Building a safer road

Long-awaited improvements expected to decrease accidents

Drilling machines crawl along a hillside south of Lawrence on Thursday drilling holes some 20 feet deep for explosive charges to loosen the ground, just one part of the ongoing construction on U.S. 59 Highway between Ottawa and Lawrence. The project is well under way in Douglas County.

? To his right rises Pleasant Grove hill, a slope so steep and stripped of vegetation that it could pass for a summertime ski slope.

To his left, past a single crane in the distance, rests the city of Lawrence, the community whose drivers await an opportunity to avoid the harrowing two-lane danger zone that carries them south toward Ottawa.

Here in the middle, Jason Van Nice pores over a set of plans — hundreds of pages detailing locations for rock, concrete and steel that will form a new four-lane freeway, one with such limited access and improved sight lines and roadside shoulders that driver safety will be expected to rise, well, exponentially.

And for that, the construction manager for the Kansas Department of Transportation can hardly wait.

“This project’s been a long time coming,” Van Nice says, as crews pour concrete for a massive 300-foot-long box culvert that will funnel a creek beneath the new highway. “From concept to design planning, it’s been 10 or 15 years. And people who know Lawrence know how much this is needed.

“It’s not very often that we get to build something like this, that’s completely new. It’s new territory for us. It’s new ground. We’re really breaking new ground over here.”

The project to build a new four-lane, limited-access freeway east of the existing U.S. 59 from Lawrence to Ottawa is speeding toward completion by late 2012 or early 2013.

And while the 6.7-mile stretch of highway in Franklin County already is prepared for its new surface, the 11.1-mile stretch in Douglas County only now is starting to reveal its shape.

Safe investment

Crews are busy blasting rock, moving soil, pouring drainage culverts and building bridges as part of a $57 million contract that represents only a fraction of the overall project cost, now estimated at $213 million.

For the money, drivers will see plenty of changes:

• Driveways and side roads no longer will connect directly to the highway.

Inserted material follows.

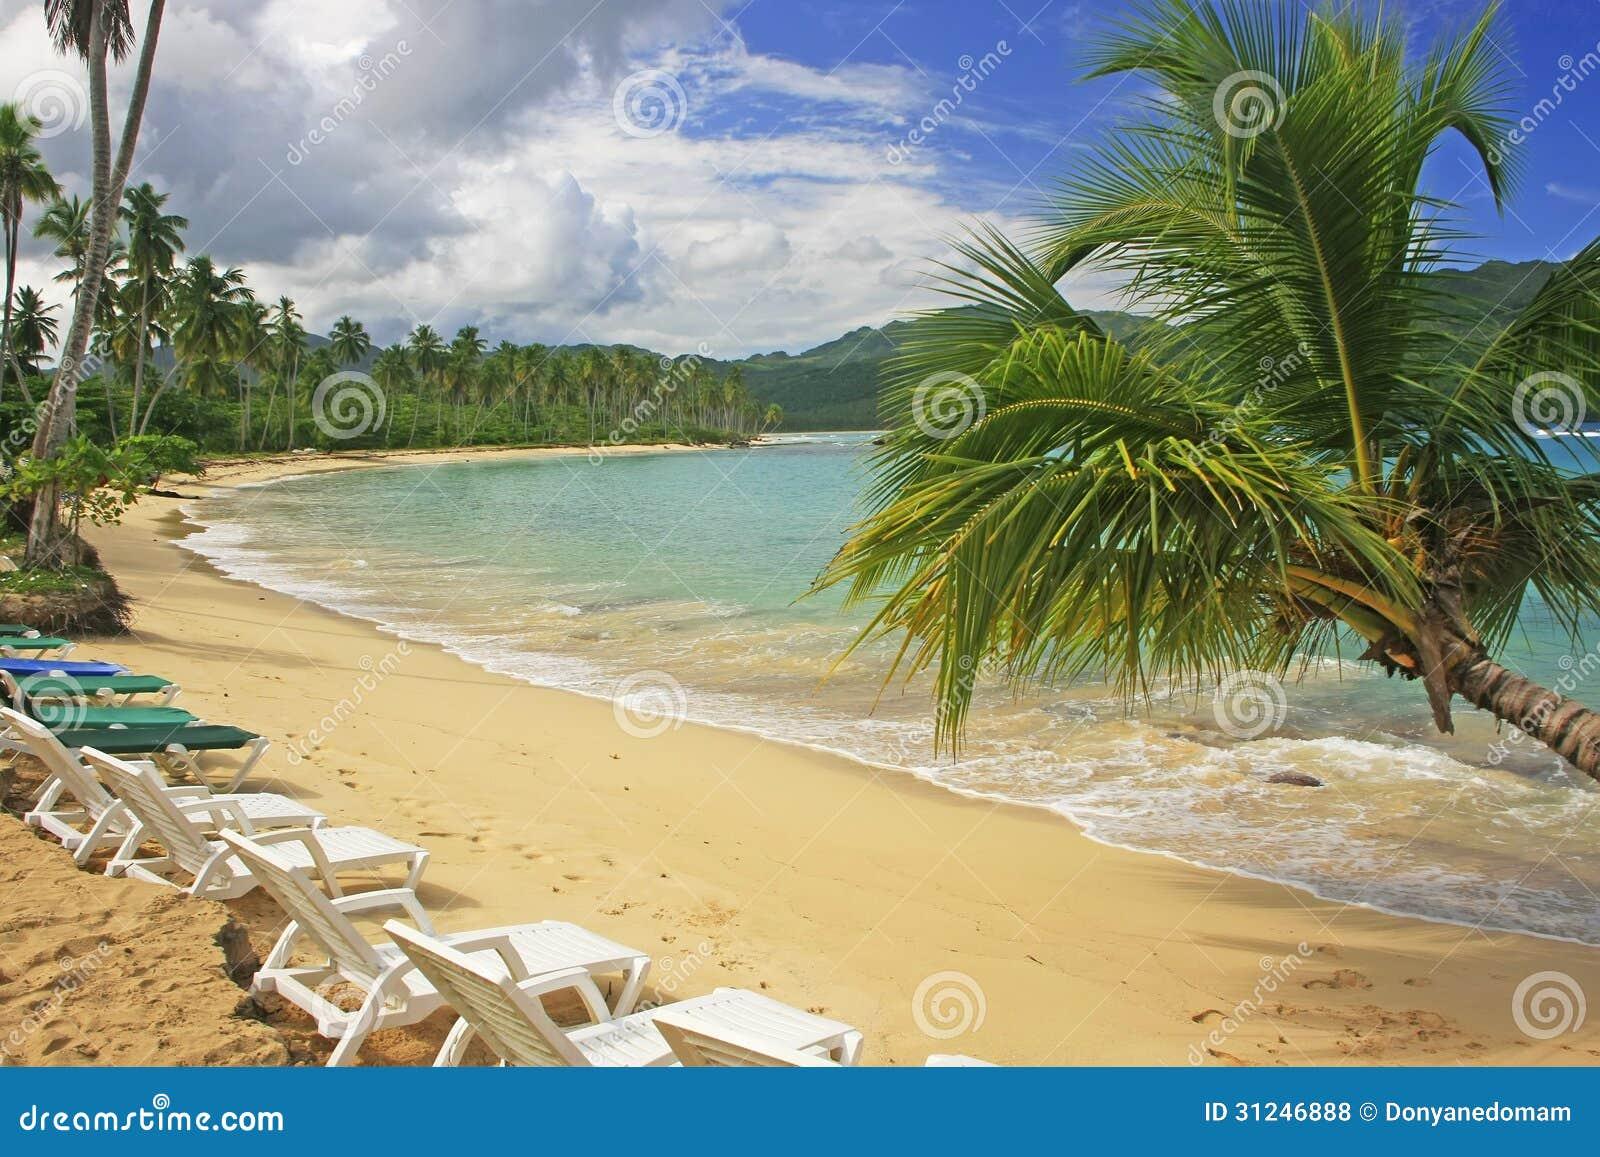 在林孔海滩, Samana半岛的倾斜的棕榈树

Instead, sections of the existing U.S. 59 will serve as frontage roads, and traffic entering the new highway will need to do so at interchanges designed to allow drivers to get up to speed before merging into traffic. Interchanges in Douglas County will be at Wells Overlook Road (also known as North 1000 Road and Douglas County Road 458), North 650 Road and U.S. Highway 56.

• The speed limit will be 65 mph along the highway, up from the 55 mph on the existing U.S. 59.

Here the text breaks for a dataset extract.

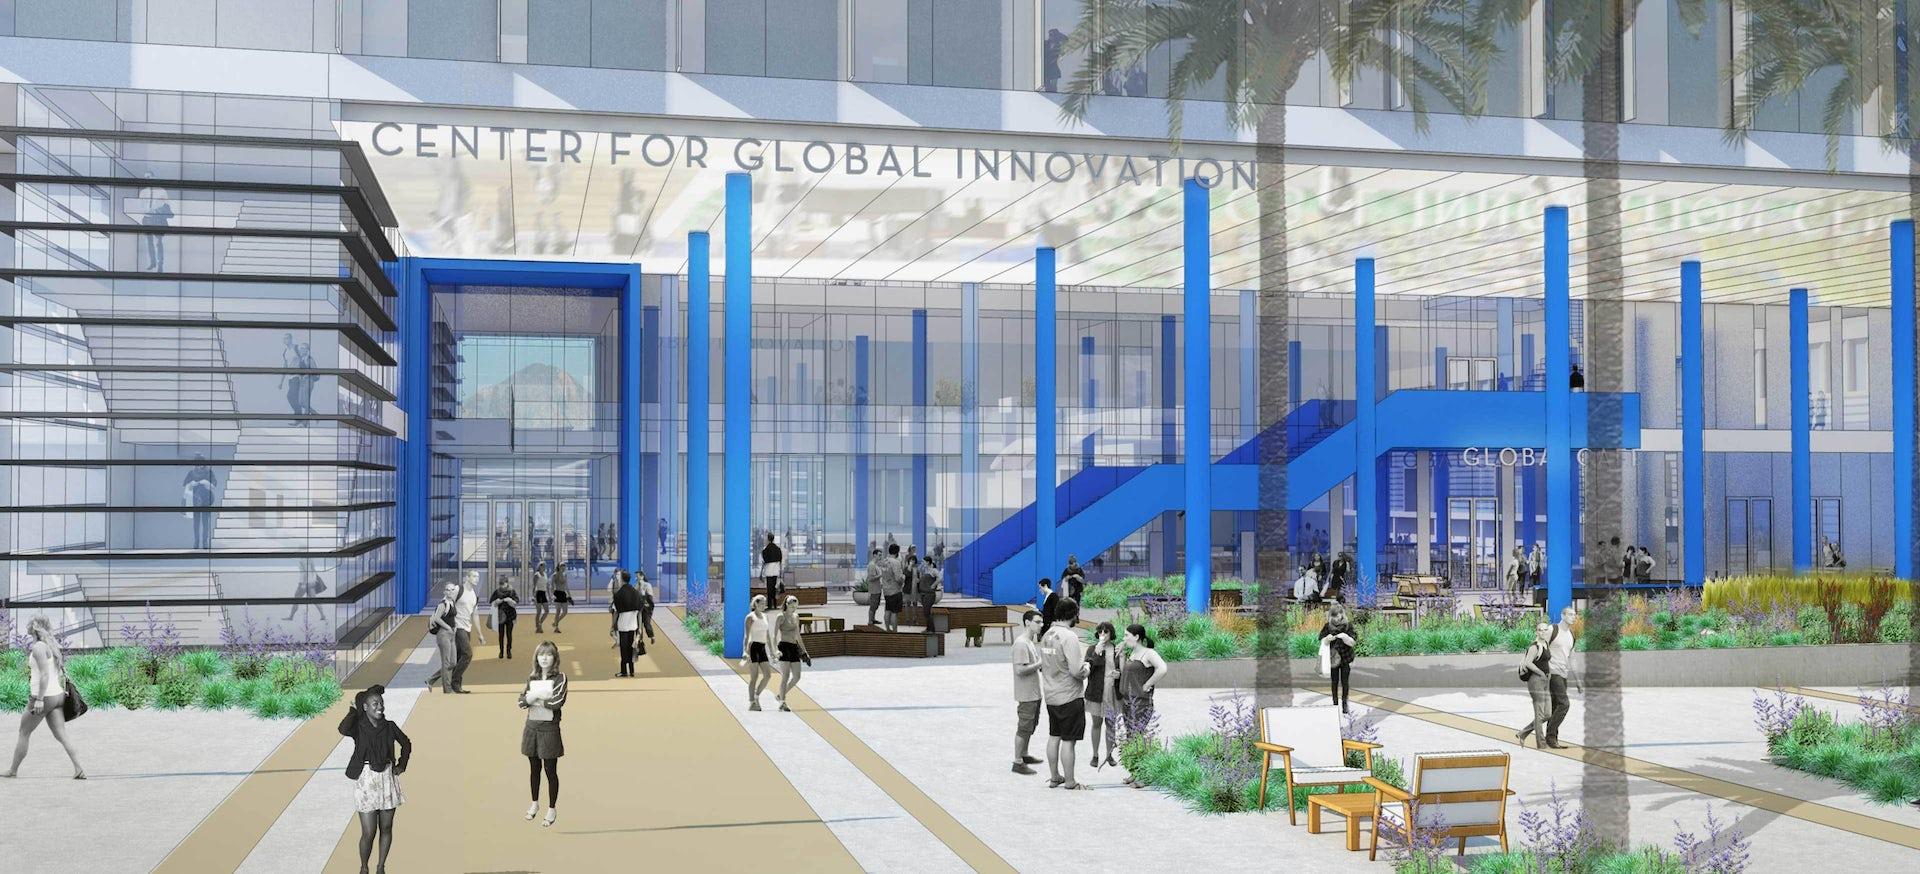 Csusb Center For Global Innovation4

• Roadside shoulders — 10 feet wide on the outside, and 6 feet wide on the inside — will give drivers a place to pull over and repair a flat tire or answer to a law enforcement officer.

• Four lanes of traffic the entire way, instead of sections of two-lane travel that can frustrate travelers and prompt some to attempt ill-advised passes.

“It will be great for traffic,” said Kim Qualls, a KDOT spokeswoman.

But the work is by no means easy.

Having a blast

In Douglas County alone, crews are in the midst of building 23 bridges, a total that includes some of the large culverts that will channel creeks beneath the highway.

One day last week, blasting crews were perforating a hill south of North 500 Road with four-inch-wide holes, each cutting through 16 feet of soil to get into 8 feet of limestone. All that was left was to pour in 27 pounds of ammonium nitrate and diesel fuel, detonate, and remove the resulting crumbles for recycling and to use later in the project.

Then repeat the next day, and the next, and the next until cutting through two more hills on the way to Pleasant Grove Hill — which needs to come down some 80 feet — later this summer.

It’s a tall task that Bob Taylor, a licensed blaster for the Pexco contract crew on site, actually looks forward to.

“It’s easier, the deeper you get,” he said. “The rock’s better. Harder. The harder the rock, the better.”

Van Nice, KDOT’s construction manager, is looking forward to the future, too. The department’s studies to justify construction of the new highway included some sobering statistics:

• During the five years from 1995 through 1999, the stretch of highway had 376 accidents, of which 110 had injuries and nine involved fatalities. Eleven people died.

• The stretch had four fatalities for every 100 million miles traveled, compared with a rate of 2.7 fatalities on other, similar highways statewide.

“Hopefully we won’t have to hear any more about these fatalities that we’ve had over the history of the current roadway,” Van Nice said. “It’ll be just a tremendous, huge improvement.”